Continually wrecking things is obviously morally obtuse, but apparently very profitable

 

The United States’ actions from the Vietnam War to the present may someday turn into spiritual teaching parables on someone else’s planet:

 

 

Worried about a growing threat from the Islamic State in Libya, the United States and its allies are increasing reconnaissance flights and intelligence collecting there and preparing for possible airstrikes and commando raids, senior American policy makers, commanders and intelligence officials said this week.

 

“It’s fair to say that we’re looking to take decisive military action against ISIL in conjunction with the political process” in Libya, [Chairman of the Joint Chiefs of Staff] General [Joseph F.] Dunford said.

 

“The president has made clear that we have the authority to use military force.”

 

General Dunford said the United States, France, Italy and Britain are looking with urgency at how to stem the growth in the power of the Islamic State in Libya before it spreads throughout North Africa and the sub-Saharan countries.

 

In particular, he said it was important to “put a firewall” between the Islamic State in Libya and other militant Islamic extremist groups on the African continent, while working to strengthen the ability of African militaries and governments to fight those groups themselves.

 

© 2016 Eric Schmitt and Helene Cooper, U.S. and Allies Weigh Military Action Against ISIS in Libya, New York Times (22 January 2016) (extracts)

 

 

Libyan firewall?

 

“Firewall” is a curious choice of words, given that we intentionally removed the bulwark against chaos that Saddam Hussein once provided in Iraq. And followed that up with an equally egregious piece of reckless stupidity by getting Muammar Qaddafi killed in Libya.

 

Then — by encouraging Syrian Civil War rebels and pulling the rug out from under them immediately afterward — we contributed heavily to knocking down yet a third firewall in Bashar al-Assad’s Syria.

 

In sum, having intentionally destroyed three “firewalls” — we are now using the same metaphor to justify re-bashing Libya (for its own good, of course) and setting a purportedly educational example for the rest of Africa.
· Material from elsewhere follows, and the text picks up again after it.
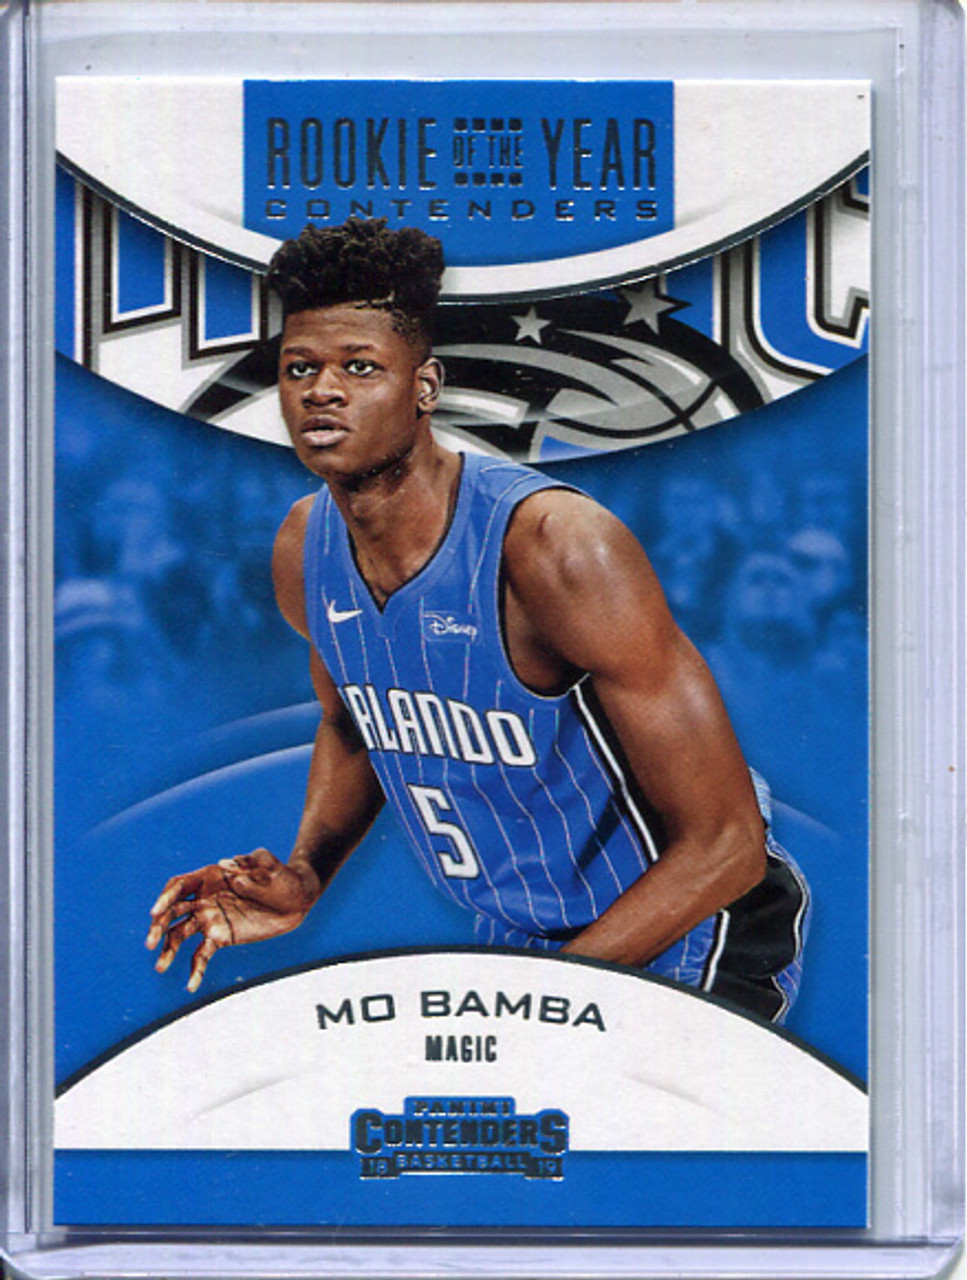 Mo Bamba 2018-19 Contenders, Rookie of the Year Contenders #16 Retail
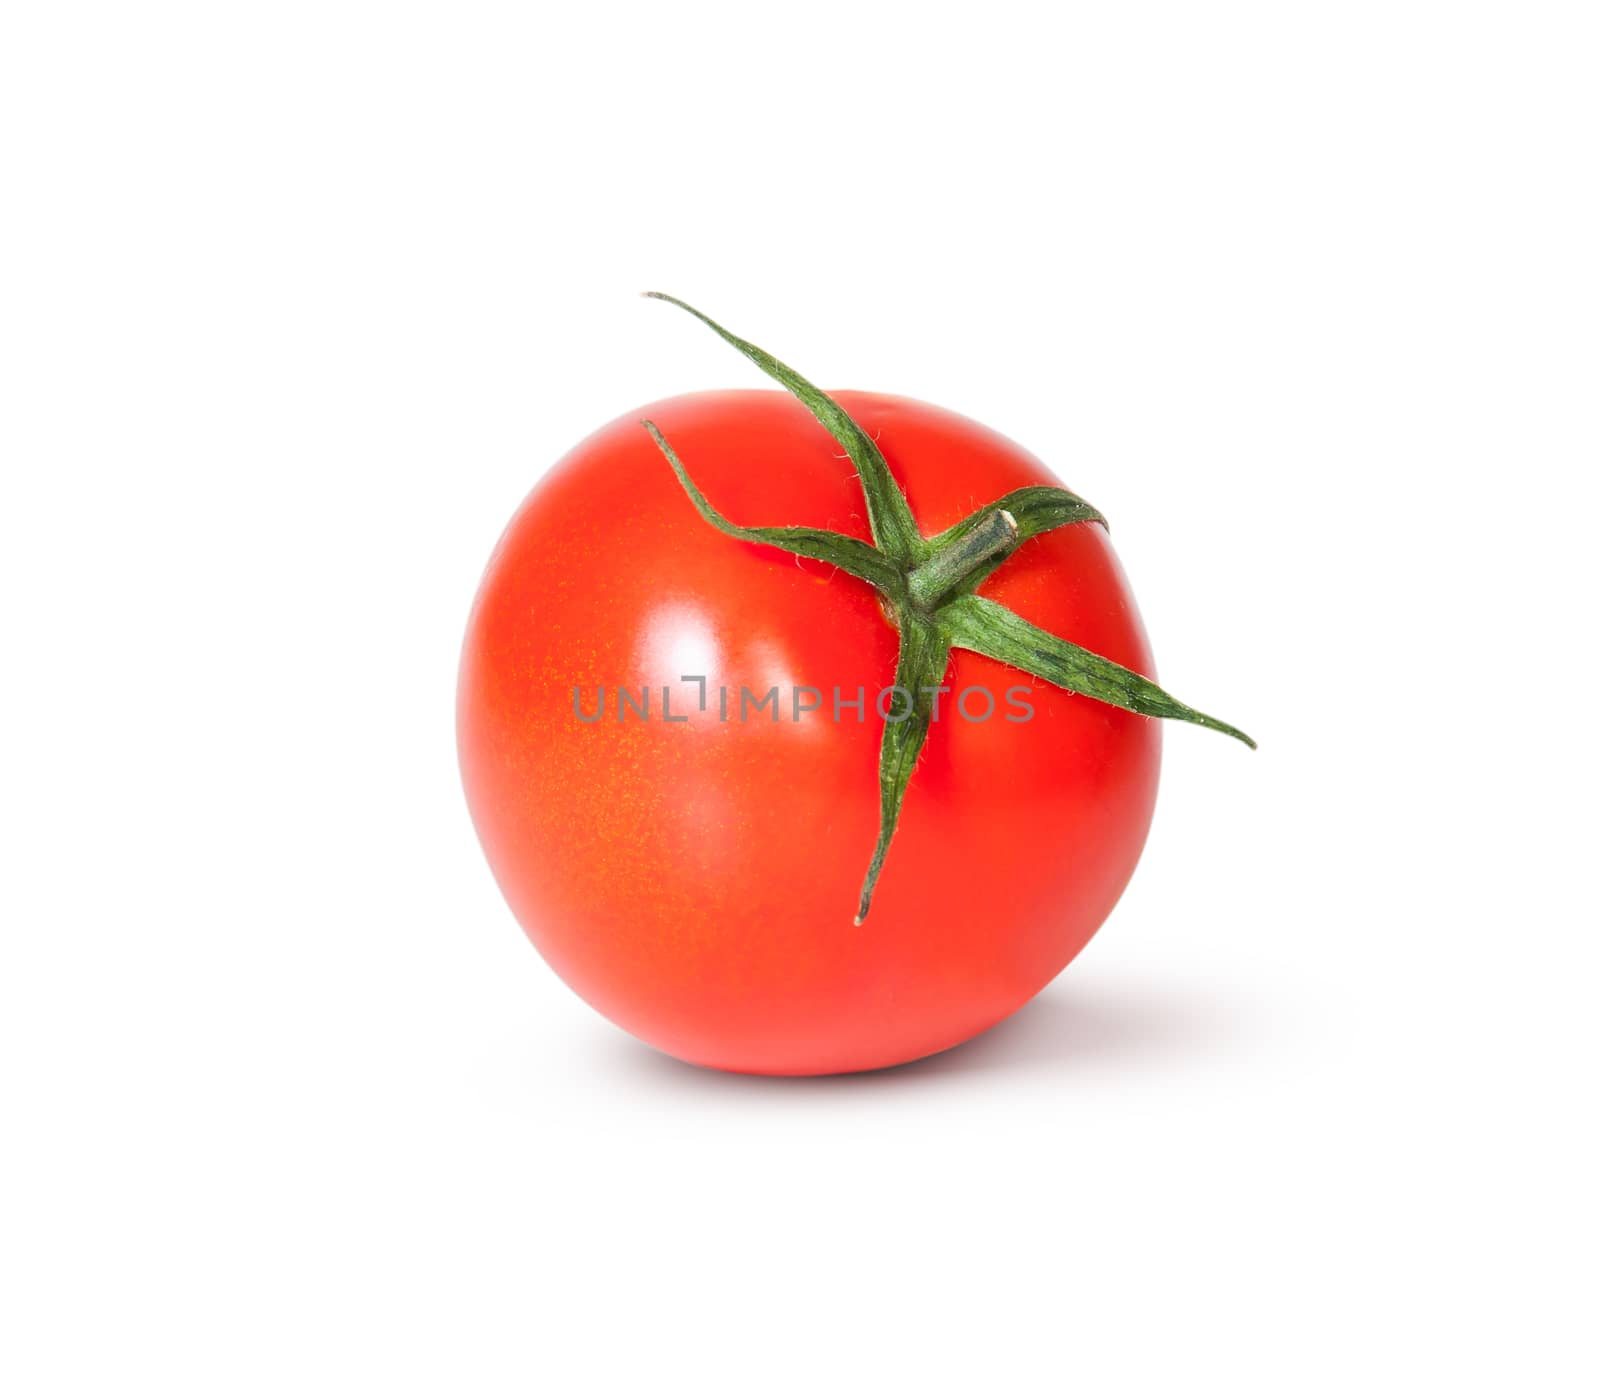 Single Fresh Red Tomato With Green Stem Rotated by Cipariss

While simultaneously contributing to terrorism’s spread by ensuring that the tsunami of bloodshed continues to rise in Yemen, where the U.S. is supporting Saudi Arabian assaults.

 

 

If I use the word “cretinous” to describe the combined intellect of American civilian leadership, would that be rude?

 

Actually, given these people’s records of unequivocal brainlessness, “cretin” would probably be a compliment.

 

 

One would think that at some point an American political leader (or two) might pull his head out of his ass

 

The continuing maelstrom of American warmongering feeds Military Industrial Complex profits and nothing else. But maybe that is the unadmitted point. Endless war is good for high ranking leaders’ advancement and for oligarchs’ profits.

 

I hark back to a wiser (military) man’s caution to President George W. Bush regarding the proposed Iraq invasion, “If you break it, you own it.”

 

Apparently his civilian superiors took this caveat to mean that breaking firewalls and bulwarks would provide unending sources of profit, as they hypocritically continued pretending to fix them.

 

 

The moral? — The result has been and continues to be evil in the Biblical sense

 

 

The Great American Plutocracy’s greed for power and influence, combined with its awe-inspiring cultural and strategic stupidity, continues to create conditions that spawn terrorism and insurgency on impressively massive and further destabilizing scales.

 

The indefensibly bloody futility of all this should be worth a spiritually intended teaching story or two down the road.

 

Perhaps in some smarter species’ religious repertoire.

 

I am reminded of Lieutenant Brandon Friedman’s lament in regard to the Iraq War:

 

 

I felt like we had been taken advantage of. We were professionals sent on a wild goose chase using a half-baked plan for political reasons.

 

Lying there restlessly, I was reminded of a Schwarzenegger line in one of his movies — when, after being used and lied to, his muscle-bound character had expressed perfectly what was now on my mind:

 

My men are not expendableAnd I don’t do this kind of work.

 

© 2007 Brandon Friedman, The War I always Wanted: The Illusion of Glory and the Reality of War (Zenith Press, 2007) (at page 188) (extracts)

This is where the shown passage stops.